CHIP-2025-05 Functions: Function Definition and Invocation Operations

Maybe I’m unable to explain it well, which is why there is a long form that I’ve linked to.

I’ve said this now several years in a row to you specifically, BCA, if there can be a phone conversation to have a much higher bandwidth meeting then maybe this is solvable in an hour. It probably was in the ABLA case where you ended up apologizing for not understanding what I’ve been saying for 9 months and that I actually was right… A phone call could have shaved off those 9 months and avoided a lot of problems. Not to mention a lot of frustration all around.
I’m trying to be patient about it. Honestly, I am.

But it is frustrating that nobody seems to be able to understand the simple issue of code insertion as I explained with an actual example. If anyone does, please repeat in your own words to see where the confusion lies.
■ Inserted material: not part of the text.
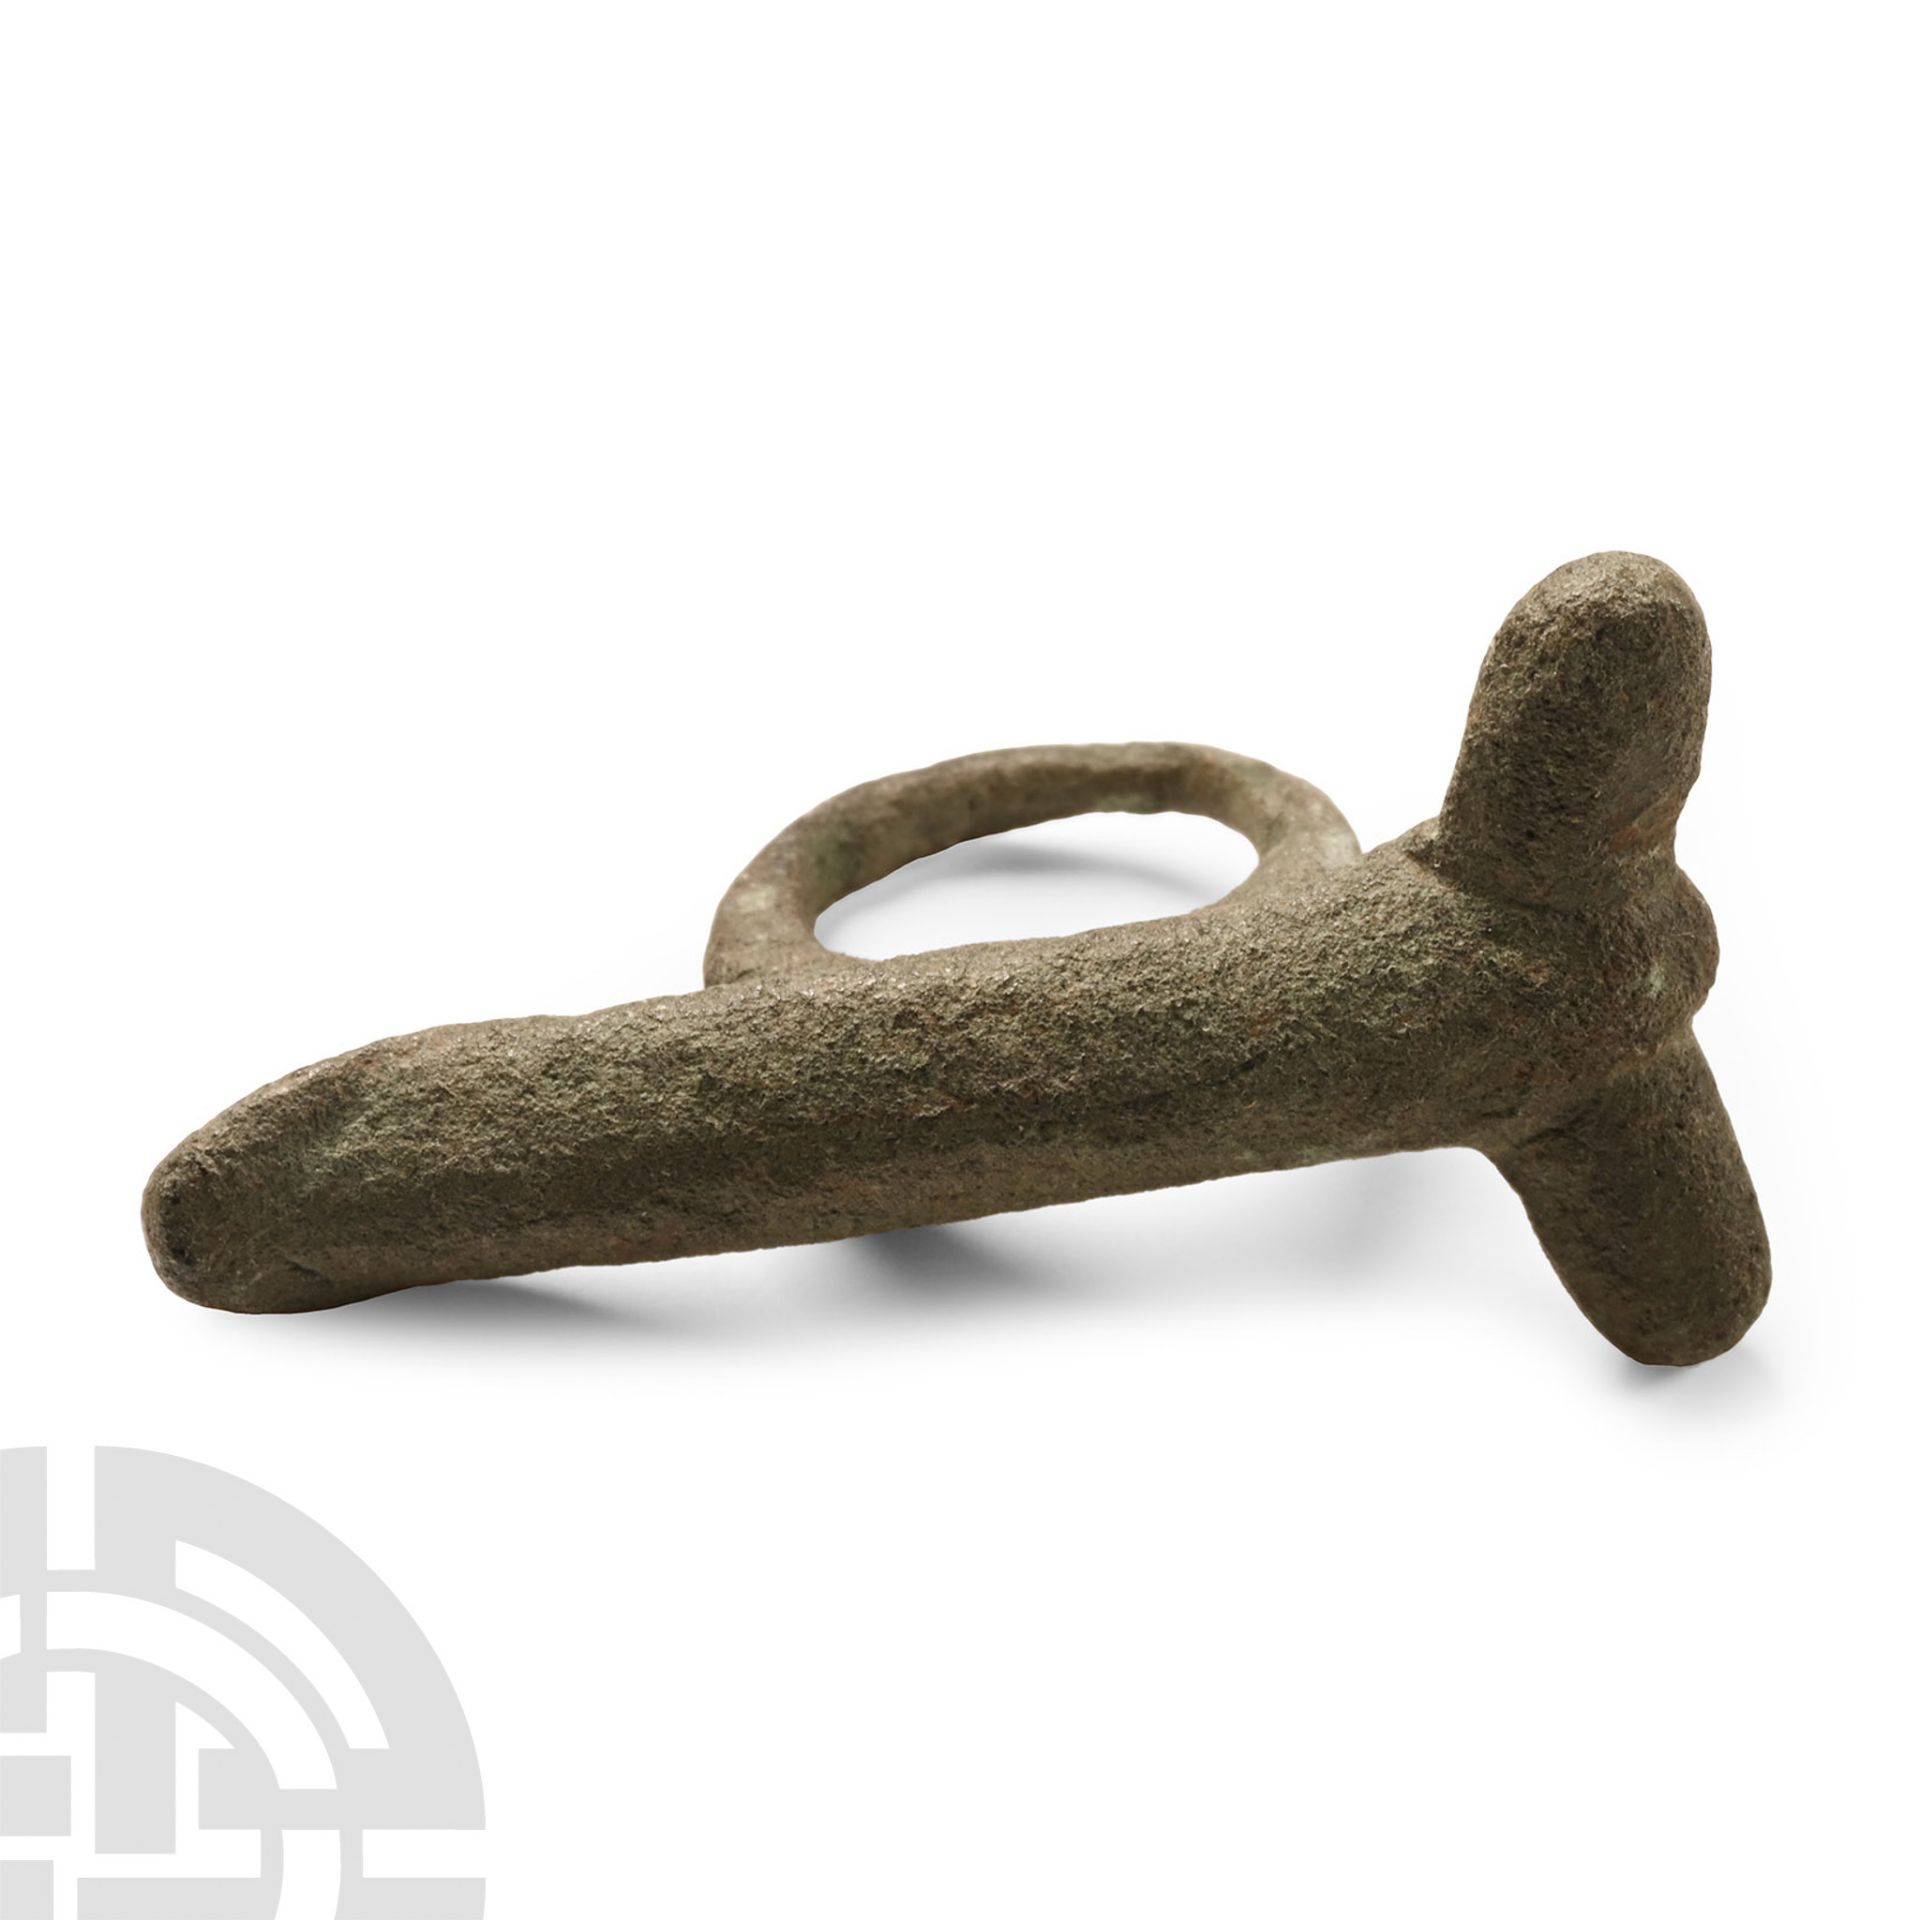 Roman Bronze Phallic Pendant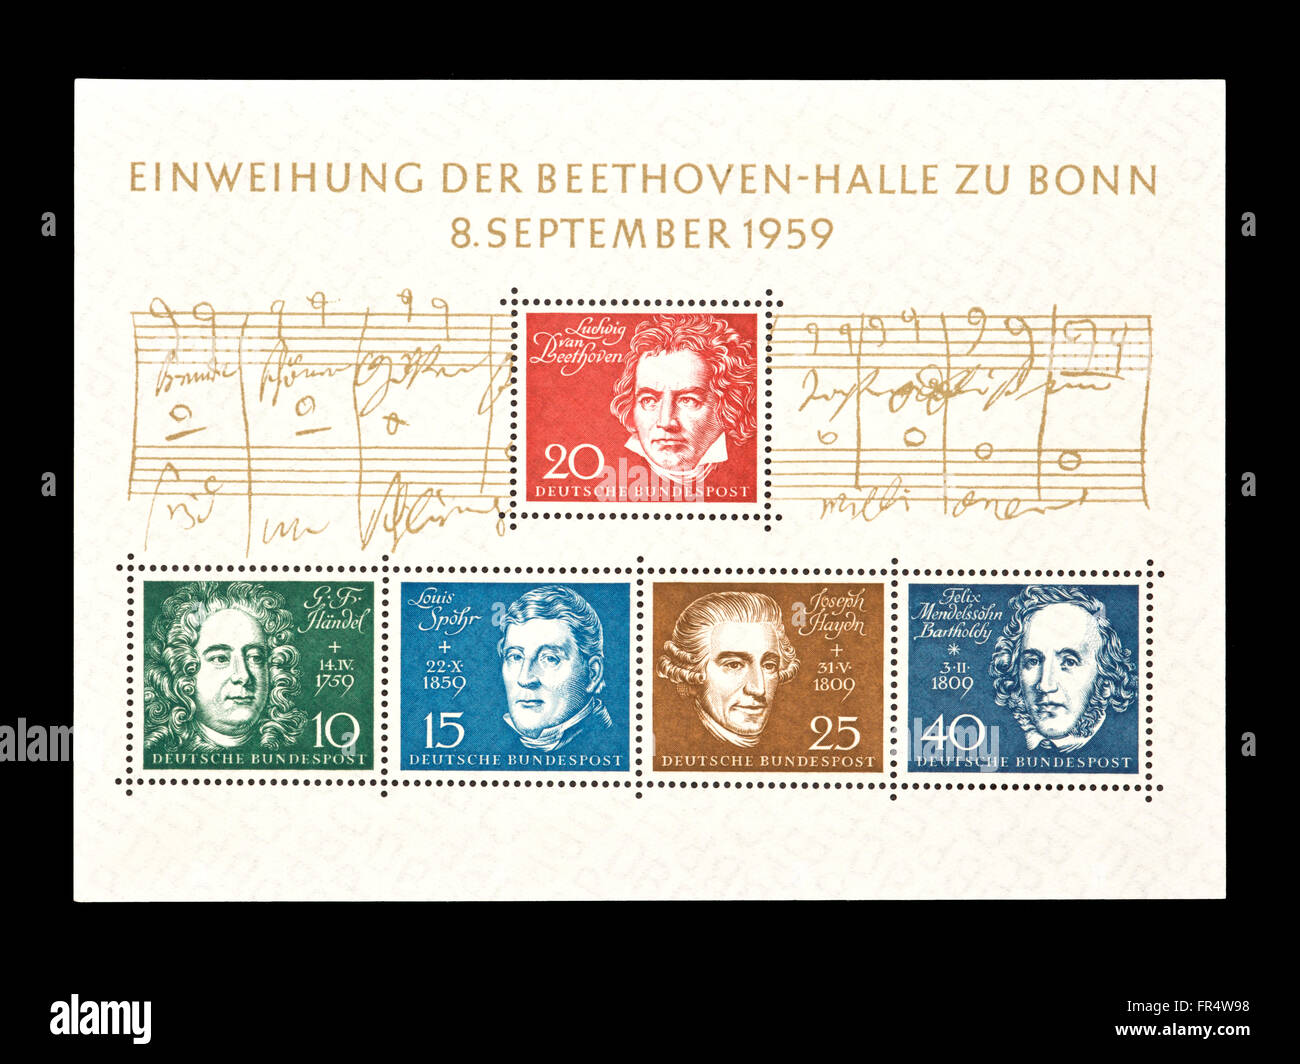 Sonderblock von Deutschland mit Komponisten, zur Eröffnung der Beethovenhalle in Bonn Stockfoto

To be clear, the “issue” has not changed since day one. My argument is exactly the same as it has always been. Which is why we use the git repo to make clear it is immutable.

Bringing up “library distribution” (a concept that is in its infancy and can absolutely change in future) is weird.
It may indicate that you are thinking about things from ONE specific expected usage point of view. But as this is a low level programming language component, the usage that I explained is also possible and very likely to be how programmers will use it, as it is actually closer to how Bitcoin has operated for a decade.

Please do just talk about this in a level headed way so we can improve the proposal, as that is my intention.
Because it is possible to improve and fix. As long as we are able to talk about it without pointing fingers.

Thanks

The examples I’ve seen could easily be classified as programmer errors. Someone being able to write a broken contract that is exploitable shouldn’t be an obstacle for new functionality since we wouldn’t be able to deploy any VM features.

6 Likes

Hehe, you’re not wrong. But “programming” is a 60 year old profession and as those that have been here a long time know, the entire space is geared towards improving the status quo for programmers.
The main reason why new languages get released all the time is this. Improving the experience for the programmers. Less ability to shoot your own foot. (that’s a 1980s programmer reference, apologies)

I’m not sure why there is any push back at all here.
It’s not like I’m asking for much. It’s just that Jason doesn’t acknowledge he got ideas from me or something. While I did applaud him taking my suggested approach. I don’t really care about getting credit for my many solutions already being deployed in BCH, but it would be nice to not get push back every, EVERY single time.

And I have given a minimal intrusive (like, zero things taken away) solution, which seems to not get discussion either…

So, I insist to try and improve things. Maybe others will join in and we can all have a great Bitcoin Cash Scripting engine.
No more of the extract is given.